The mastery of blending
In the book, royal correspondent Russell Myers speaks to Stephen and Matthew Twining about one of the defining parts of the Twinings story our business: the art and science of blending tea.
“To understand Twinings’ philosophy of sourcing and blending tea to a high quality, you have to understand tea,” says Stephen Twining, tenth generation of the Twinings family. “Tea is like wine. Every time you pick it, if the weather conditions change, the tea has a different profile. However, your cup of English Breakfast or Earl Grey never changes - that is the art of blending tea.”
That expertise dates back to 1706, when Thomas Twining opened Tom’s Coffee House on the Strand and began selling dry tea for customers to enjoy at home. Delivering consistent taste and quality was as important then as it is today. That commitment was recognised when Queen Victoria granted Twinings its first Royal Warrant in 1837, and Twinings has supplied every reigning monarch since.

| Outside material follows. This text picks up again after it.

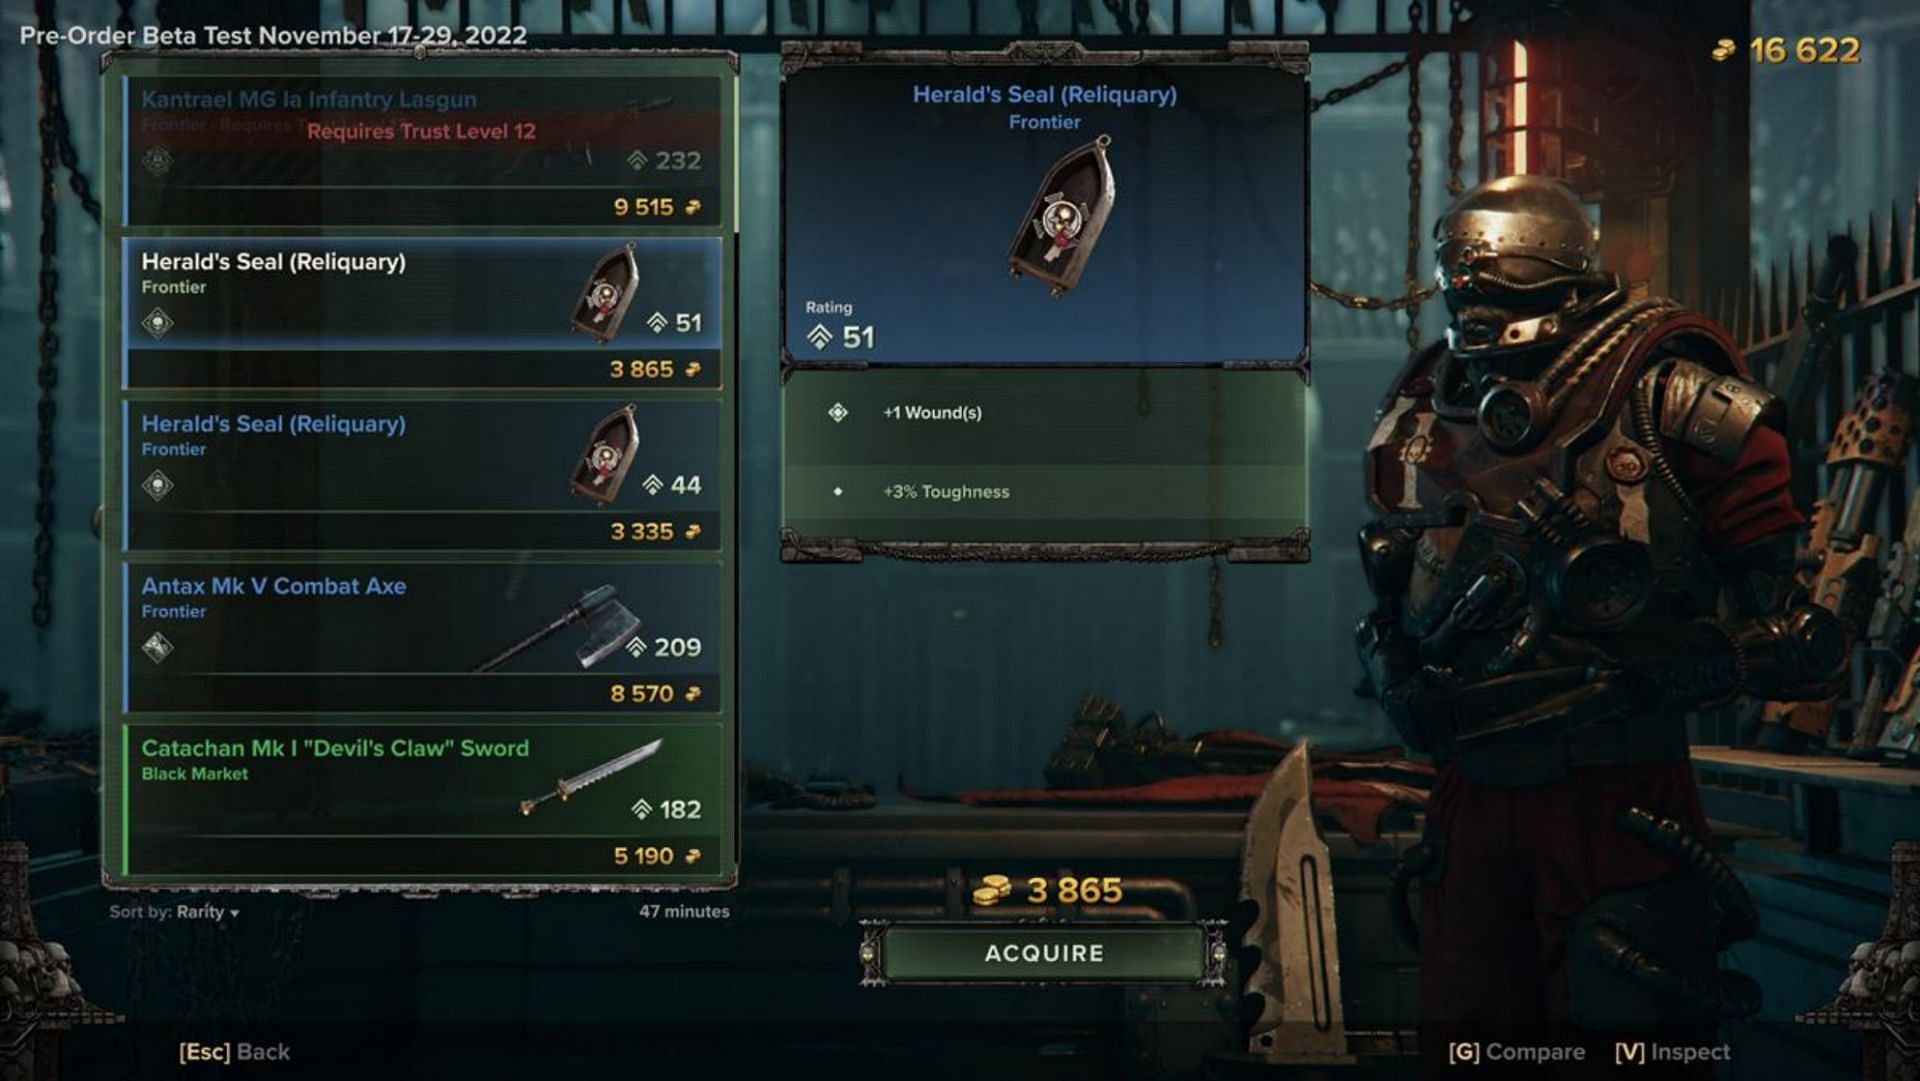 Within Warhammer 40K: Darktide, keep an eye out for items that offer more Wounds (Image via Fatshark Games)

“Our commitment to quality and blending really sets us apart,” says Matthew Twining, the eleventh generation of the family and
currently training to become a Twinings Master Blender. It takes at least nine years to achieve this title, and today our team of 14 Master Blenders has more than 250 years of combined experience. “We drink 100 million cups of tea a day in Britain, and a lot of effort goes into making each teabag. We taste every blend at least six times before it reaches the consumer - and we’ve been doing that for hundreds of years. Today, that same dedication underpins Twinings’ global footprint, with the brand enjoyed by consumers in more than 120 countries.”